We've recently discussed how bit masks can confuse people. Argle's in a position to inherit some of that confused code.

In this case, Argle's company inherited some NodeJS code from a customer who was very upset with the previous development team they had hired. It was a mix of NodeJS with some custom hardware involved.

Like many of us, the first thing Argle's team did was just pull up the code and skim the documentation. It seemed thorough and complete. But it wasn't until they started looking at the implementation that they started to see the true horrors.

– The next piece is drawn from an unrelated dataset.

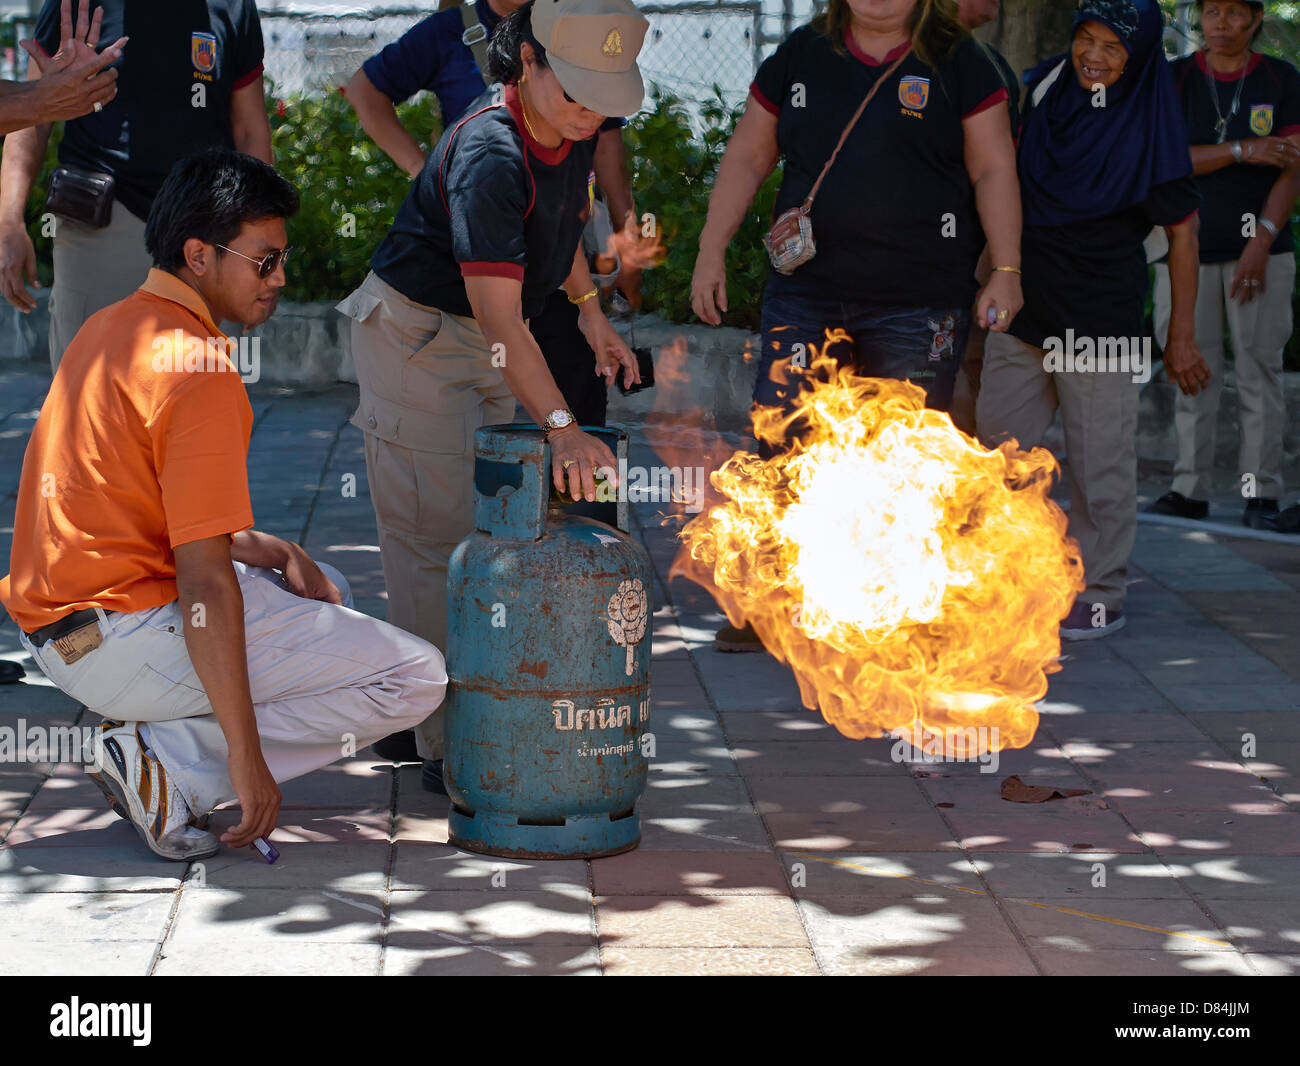 Formation sur la sécurité incendie des appareils domestiques.un agent des incendies de Thaïlande démontrant la méthode sûre pour éteindre la flamme d'une bouteille de gaz propane. Banque D'Images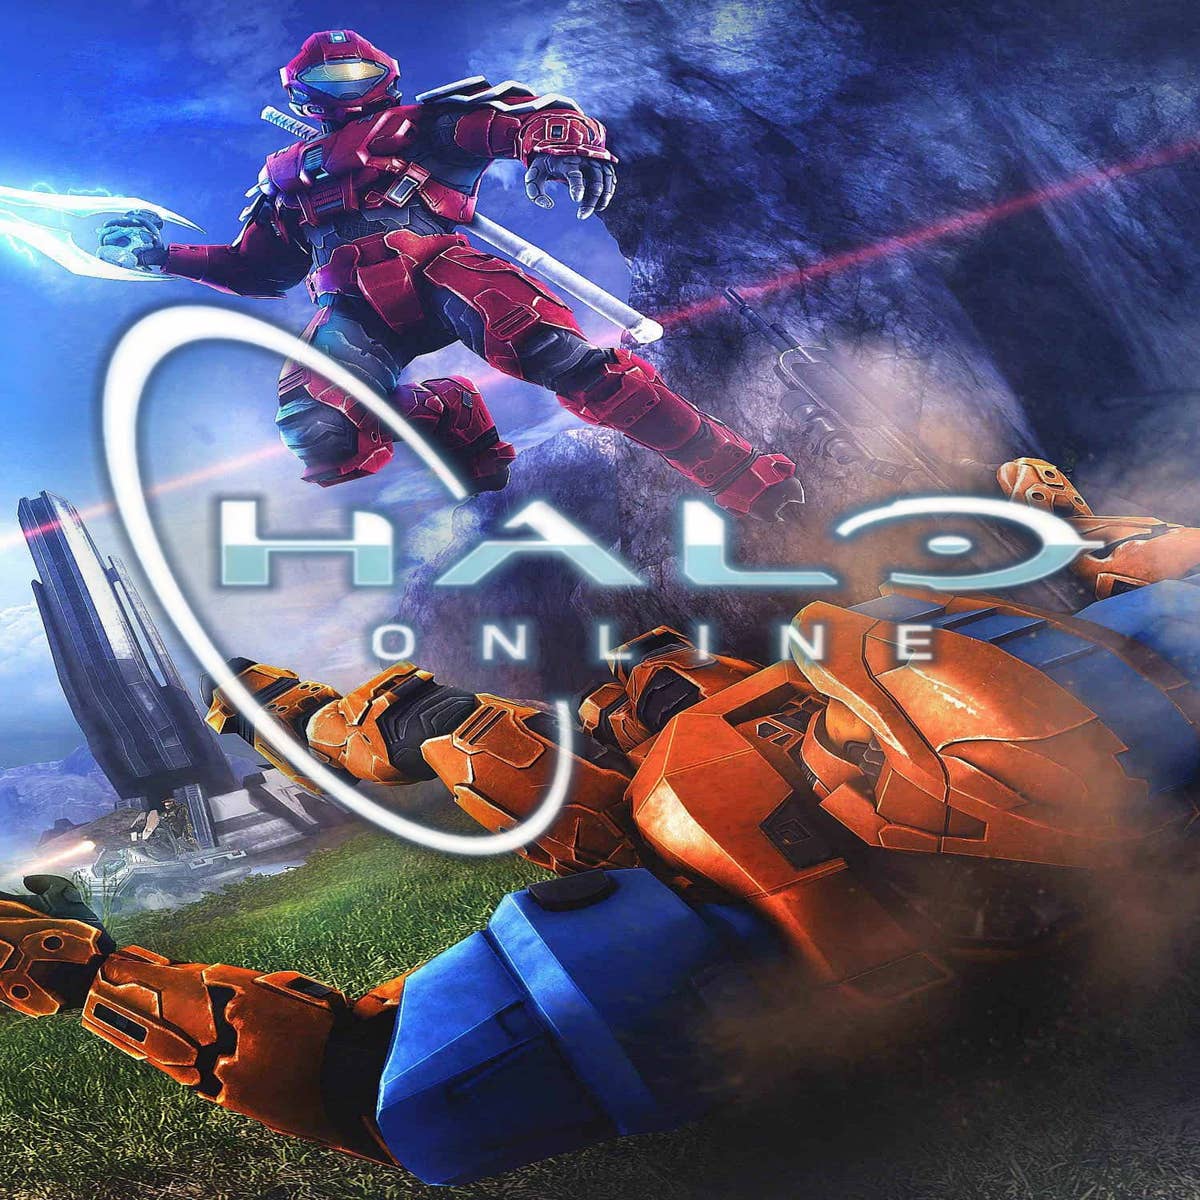 Halo Online (ElDewrito) – Beta Download

Someone had reimplemented all of the bitwise functions as methods. And the core pattern revolved around the bitTest function:

function bitTest( value, bit ) {
    let temp = value.toString(2);
    temp = temp.split('').reverse().join('');
    let i;
    for( i=temp.length; i<32; i++ )
        temp += '0';
    if ( temp[bit] == '1' )
        return true;
    else
        return false;
}

This turns an integer into a string of its binary representation, splits it into an array to reverse the array to rejoin it into an array (gotta think about endianness!), and then pads the string out to 32 characters long, all so that it can finally ask if temp[bit] == '1' is true.

But think about the readability benefits! Instead of writing the cryptic if (variable & (1 << bit)), which is nigh unreadable, you can now say if (bitTest(variable, bit)) which doesn't actually convey any more information and in fact conceals a gigantic pile of string manipulation for a very, very simple check.

I expect this code to be uploaded to NPM and turned into a microframework that ends up powering 75% of web applications by the end of the week, as a dependency-of-a-dependency-of-a-dependency.